> GOAL OF THE EXERCISE
Present the lines below again, exactly as they stand.

Items listed in a dataset
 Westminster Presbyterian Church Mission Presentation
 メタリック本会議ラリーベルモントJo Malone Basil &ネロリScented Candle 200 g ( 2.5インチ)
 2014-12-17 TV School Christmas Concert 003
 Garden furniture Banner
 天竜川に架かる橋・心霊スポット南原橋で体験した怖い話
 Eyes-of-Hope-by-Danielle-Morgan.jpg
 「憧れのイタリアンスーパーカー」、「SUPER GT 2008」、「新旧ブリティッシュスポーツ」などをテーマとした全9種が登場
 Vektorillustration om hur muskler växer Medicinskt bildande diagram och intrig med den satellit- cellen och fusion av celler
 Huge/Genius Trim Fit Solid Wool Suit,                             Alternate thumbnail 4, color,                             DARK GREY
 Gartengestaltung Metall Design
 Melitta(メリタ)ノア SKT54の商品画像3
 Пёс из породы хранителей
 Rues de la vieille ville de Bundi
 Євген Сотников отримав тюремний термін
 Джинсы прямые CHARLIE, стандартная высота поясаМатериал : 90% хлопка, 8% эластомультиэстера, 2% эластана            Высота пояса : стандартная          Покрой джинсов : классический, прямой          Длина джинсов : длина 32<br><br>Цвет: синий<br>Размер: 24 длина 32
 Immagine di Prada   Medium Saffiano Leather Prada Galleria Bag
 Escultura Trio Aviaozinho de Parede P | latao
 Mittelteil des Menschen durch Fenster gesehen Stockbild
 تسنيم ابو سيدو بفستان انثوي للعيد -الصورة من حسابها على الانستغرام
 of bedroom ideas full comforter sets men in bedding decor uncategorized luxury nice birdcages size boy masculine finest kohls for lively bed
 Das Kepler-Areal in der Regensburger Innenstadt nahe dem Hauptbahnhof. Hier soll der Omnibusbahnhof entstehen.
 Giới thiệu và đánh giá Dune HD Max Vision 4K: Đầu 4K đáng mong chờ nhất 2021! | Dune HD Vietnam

> EXERCISE ANSWER
 Westminster Presbyterian Church Mission Presentation
 メタリック本会議ラリーベルモントJo Malone Basil &ネロリScented Candle 200 g ( 2.5インチ)
 2014-12-17 TV School Christmas Concert 003
 Garden furniture Banner
 天竜川に架かる橋・心霊スポット南原橋で体験した怖い話
 Eyes-of-Hope-by-Danielle-Morgan.jpg
 「憧れのイタリアンスーパーカー」、「SUPER GT 2008」、「新旧ブリティッシュスポーツ」などをテーマとした全9種が登場
 Vektorillustration om hur muskler växer Medicinskt bildande diagram och intrig med den satellit- cellen och fusion av celler
 Huge/Genius Trim Fit Solid Wool Suit,                             Alternate thumbnail 4, color,                             DARK GREY
 Gartengestaltung Metall Design
 Melitta(メリタ)ノア SKT54の商品画像3
 Пёс из породы хранителей
 Rues de la vieille ville de Bundi
 Євген Сотников отримав тюремний термін
 Джинсы прямые CHARLIE, стандартная высота поясаМатериал : 90% хлопка, 8% эластомультиэстера, 2% эластана            Высота пояса : стандартная          Покрой джинсов : классический, прямой          Длина джинсов : длина 32<br><br>Цвет: синий<br>Размер: 24 длина 32
 Immagine di Prada   Medium Saffiano Leather Prada Galleria Bag
 Escultura Trio Aviaozinho de Parede P | latao
 Mittelteil des Menschen durch Fenster gesehen Stockbild
 تسنيم ابو سيدو بفستان انثوي للعيد -الصورة من حسابها على الانستغرام
 of bedroom ideas full comforter sets men in bedding decor uncategorized luxury nice birdcages size boy masculine finest kohls for lively bed
 Das Kepler-Areal in der Regensburger Innenstadt nahe dem Hauptbahnhof. Hier soll der Omnibusbahnhof entstehen.
 Giới thiệu và đánh giá Dune HD Max Vision 4K: Đầu 4K đáng mong chờ nhất 2021! | Dune HD Vietnam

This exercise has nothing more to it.